Ultimate survival guide to Crisis as a non-sports club member

The only Notts club night where the name foreshadows its ending..


Crisis is an iconic night out for every Notts student. It’s the biggest night of the week and the renowned sports night, meaning you have many people either celebrating or commiserating. A messy night no matter your circumstances. Before joining swim, I was a veteran of doing crisis as a non-sports member so I feel qualified to share my survival guide on how to last the night. Here is exactly how you can too:

Pre Hard

There’s only one way to get through Crisis and that’s by pre-ing hard. You need to be drunk enough that you forget how hot it is, how busy it is, and how obnoxious some people can be. By pre-ing hard you may hate yourself the next day but you’re guaranteed to have a good night.

Dress Up

Since you don’t have the embarrassment of a sports theme like babies and mums you may as well wear what you feel best in and make the sports freshers dressed in embarrassing outfits jealous. If your aim is to potentially find your sporty husband then looking good and feeling good is guaranteed to gain you some interest.

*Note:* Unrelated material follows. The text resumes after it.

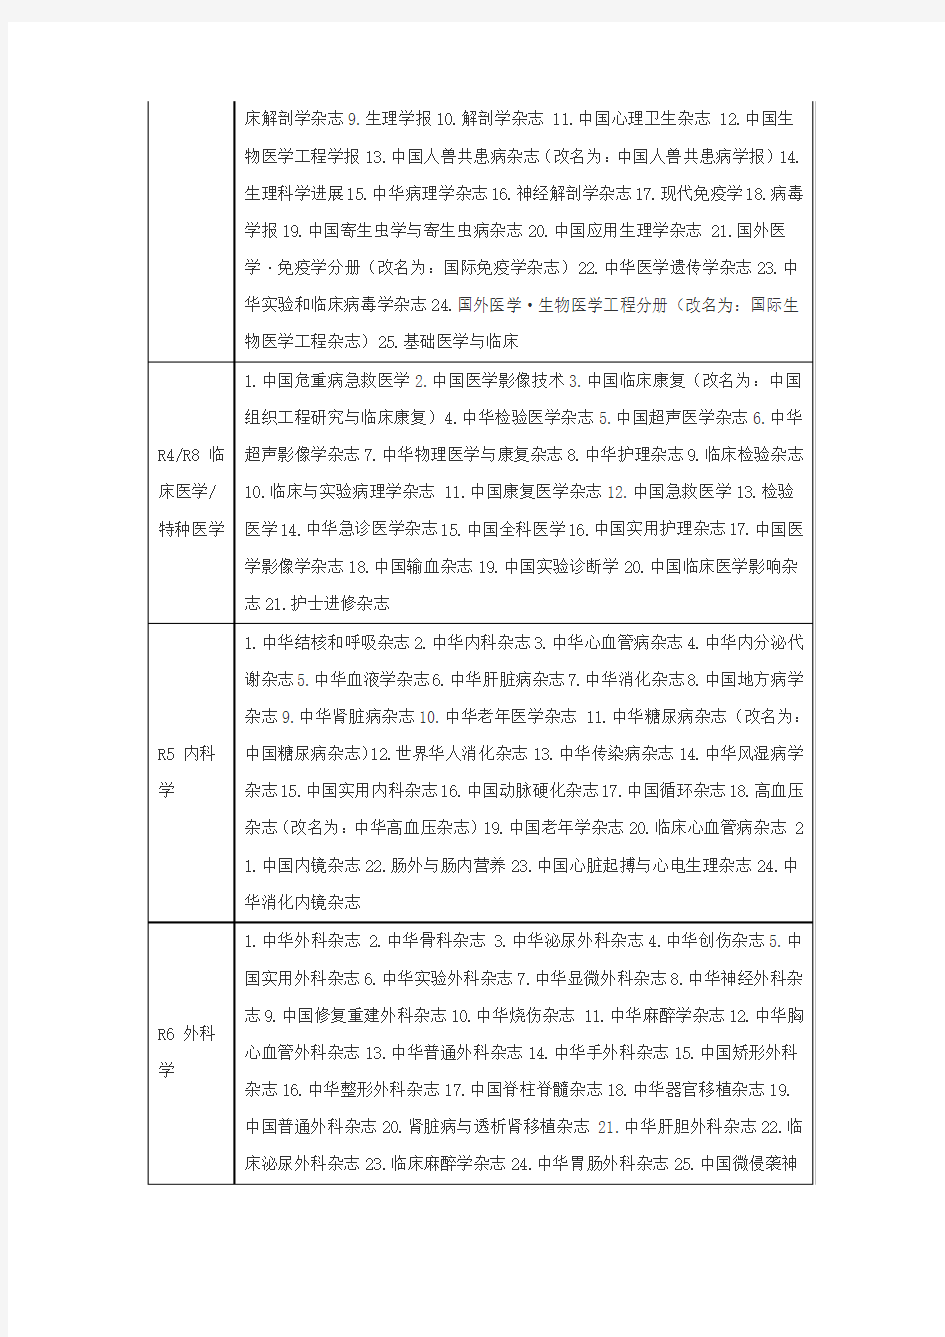 北大中文核心期刊目录-2008年版

Alternatively, create your own theme. If you want to dress up then do it. No one is going to judge at Crisis.

Avoid the crisis balcony unless you want to experience hell on earth

If you want to avoid sports boys at all costs, then don’t venture up to the balcony. It’s a living hell. It’s hot, there’s a lack of fresh air, and it’s full of shirt-and-tie boys scanning the floor below like vultures.

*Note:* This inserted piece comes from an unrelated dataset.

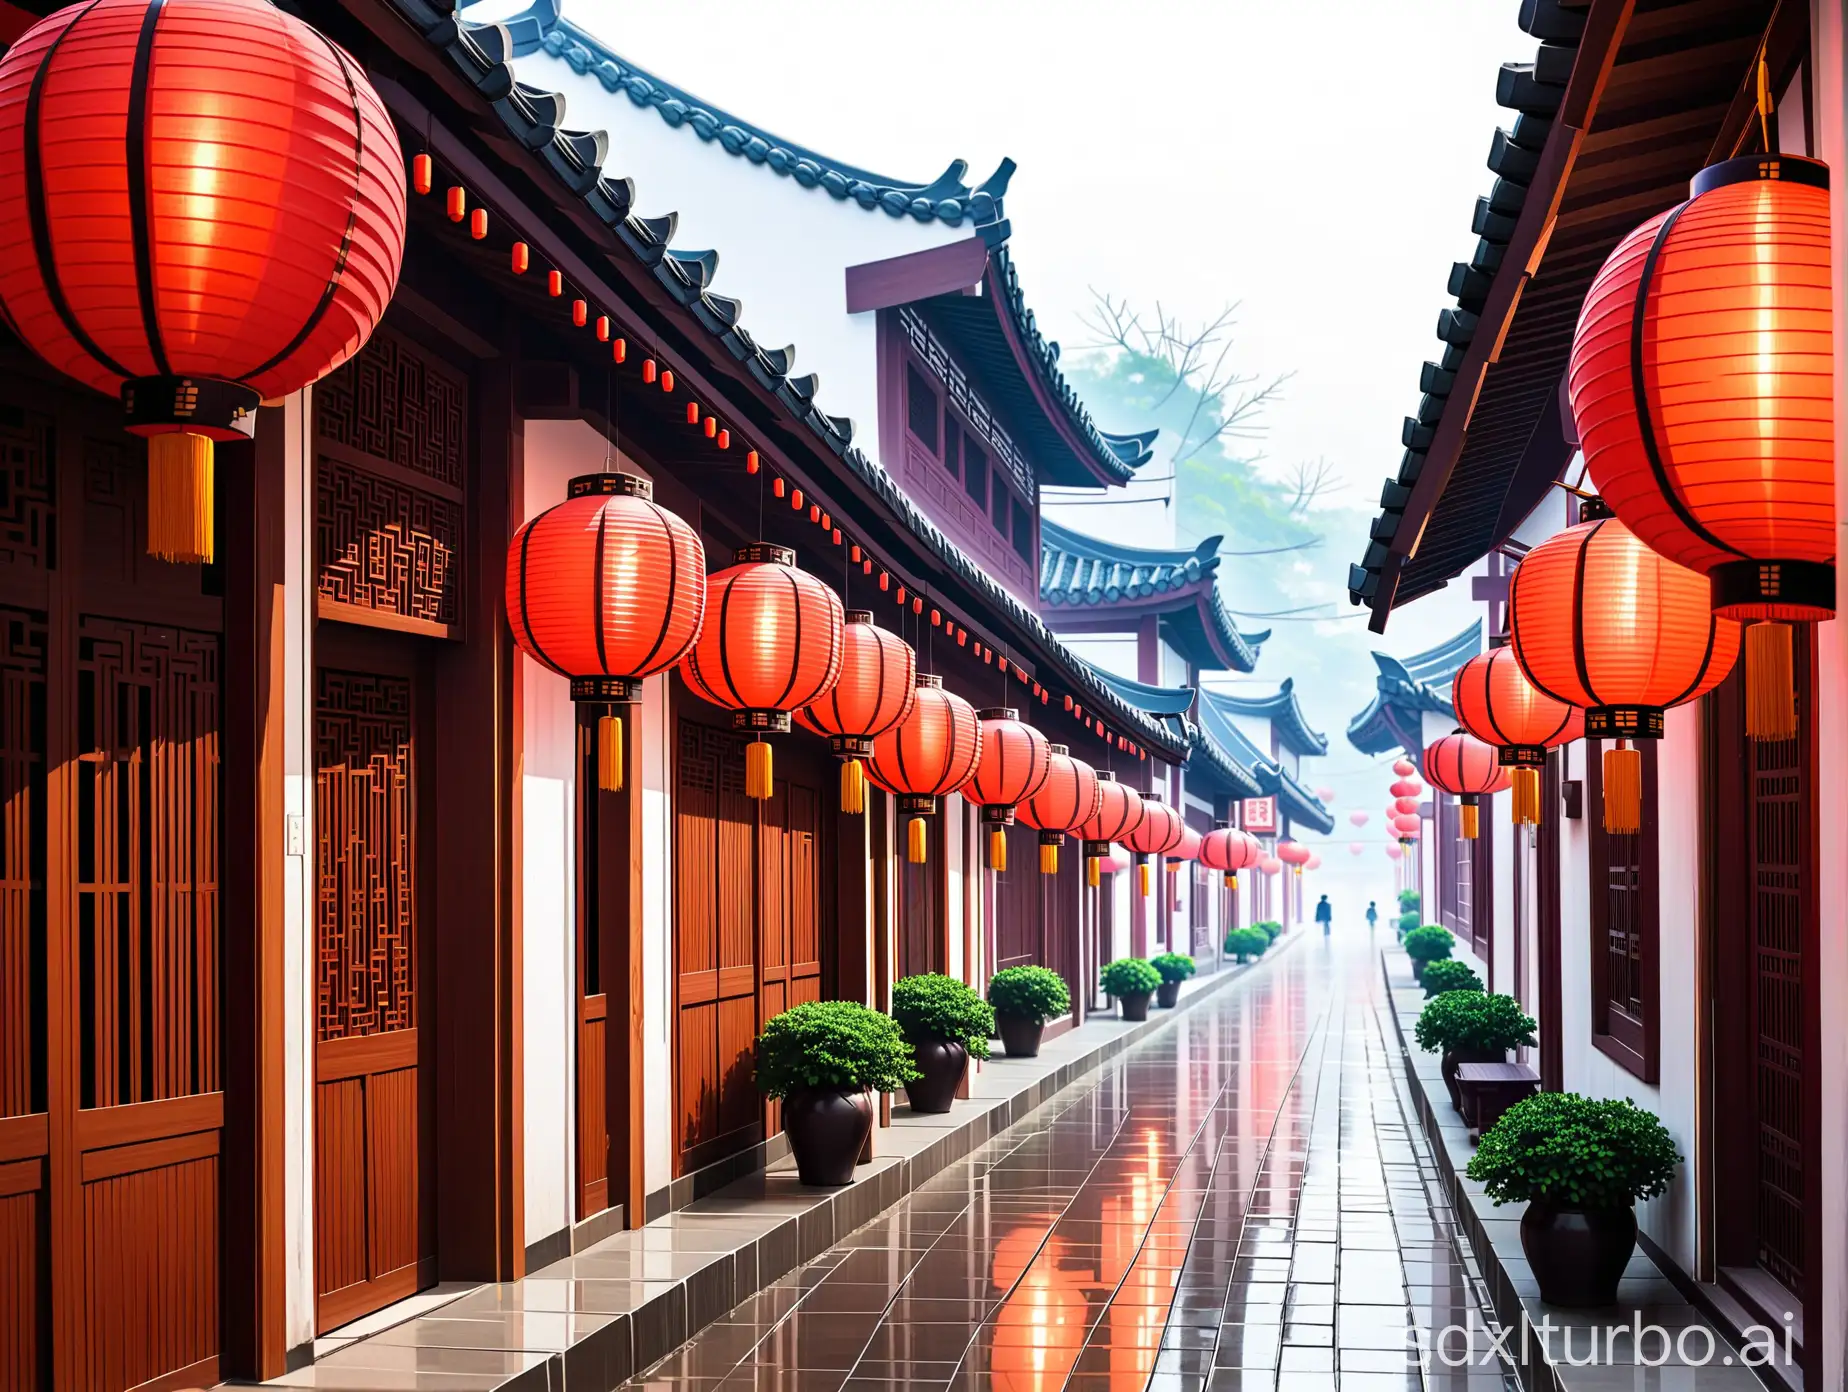 安徽小镇的古朴街道，晨雾缭绕，街道两旁挂着红灯笼，营造出一种中国风的温馨和传统氛围。

My advice? Avoid this area unless absolutely necessary as once you enter it is impossible to leave.

Mix it up and visit multiple rooms

The main room of Crisis is repetitive and sometimes the music can feel cheesy. Don’t forget that Crisis has other rooms like Beta and Black Cherry Lounge, so to keep yourself going mad, alternate rooms. Not only will this allow you to survive the night by constantly making you move but you also get to escape the songs that make you cringe internally.

The smoking area is a godsend

Crisis feels like a sauna. It’s packed to the brim and the club itself feels disgusting so give yourself regular breaks to the smoking area in order to remind yourself what oxygen feels like.

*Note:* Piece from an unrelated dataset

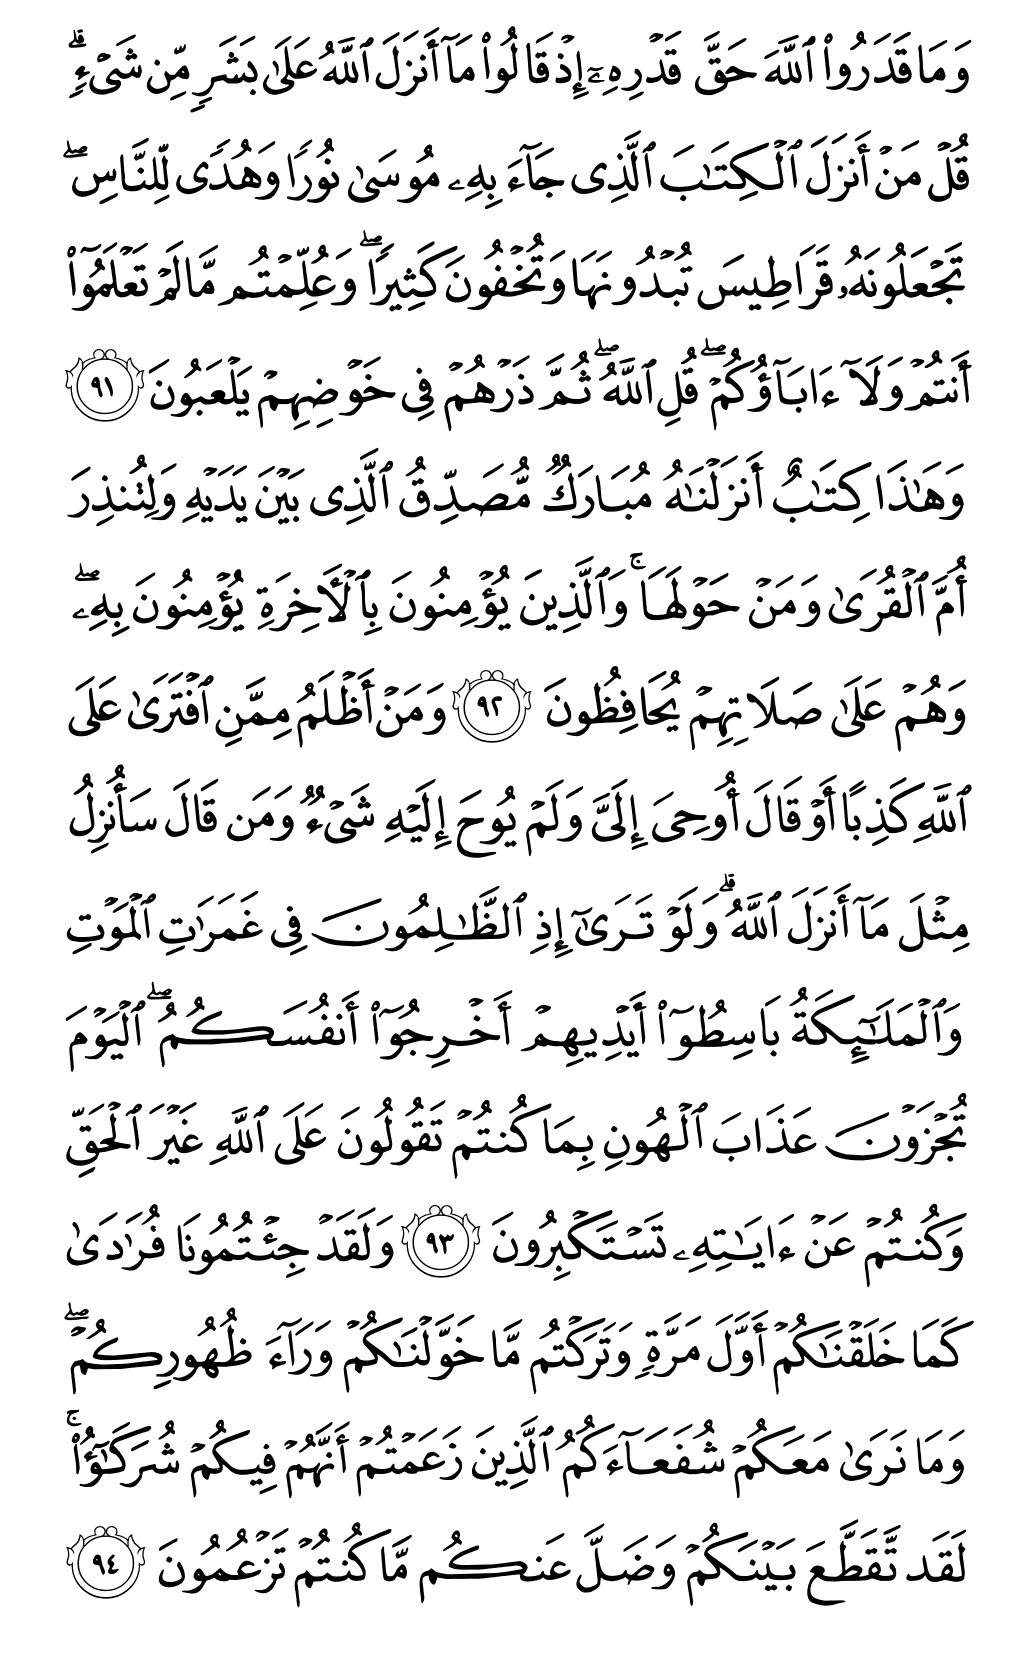 الصفحة رقم 139 من القرآن الكريم

If you want to dance, stay at the back

If your aim is to dance then stay towards the back of the main room. This area isn’t claimed by any sports clubs and everyone is always pushing to get to the middle where you can’t even move.

By staying towards the back you actually have the most precious thing you can get in a club: space. Not only can you move here, but you can also quickly make a dive to the bar, run to the toilets or escape from unwanted situations if necessary.

If you want to use the photo booth do it early before the sports boys get too pushy and annoying

Do the booth early. Not only will you avoid the madness of sports boys pushing to get their picture taken, but by doing it early and at the start of your night your makeup, hair and outfit will look at its best. By the end of the night, you will most likely look ruined.

Be prepared to get papped 

Crisis is exposing. There is no hiding in this club. It is inevitable you will have a mug shot taken or potentially appear on the crisis Instagram story so be prepared.

The bar and toilet queues are quicker in BCL

To survive the club you must be prepared to spend. When it comes to Crisis VKs are the a for most. However, due to the sheer popularity of the club, you often spend a vast amount of time queuing for drinks. If you want to quicken your wait, my advice is to go to the other bars in Black Cherry Lounge, as these tend to be quieter and quicker.

All that drinking inevitably results in you breaking the seal. So to avoid ridiculous toilet queues go to BCL and double up. If you’re alone, pee with a stranger. Not only will you make a club friend and have a great toilet convo but you will again reduce queueing time.

End the night with a mega munch

If you survive the night, reward yourself. Crisis is intense, so treat yourself to the best cuisine Notts offers: MEGA MUNCH. You have definitely earned it.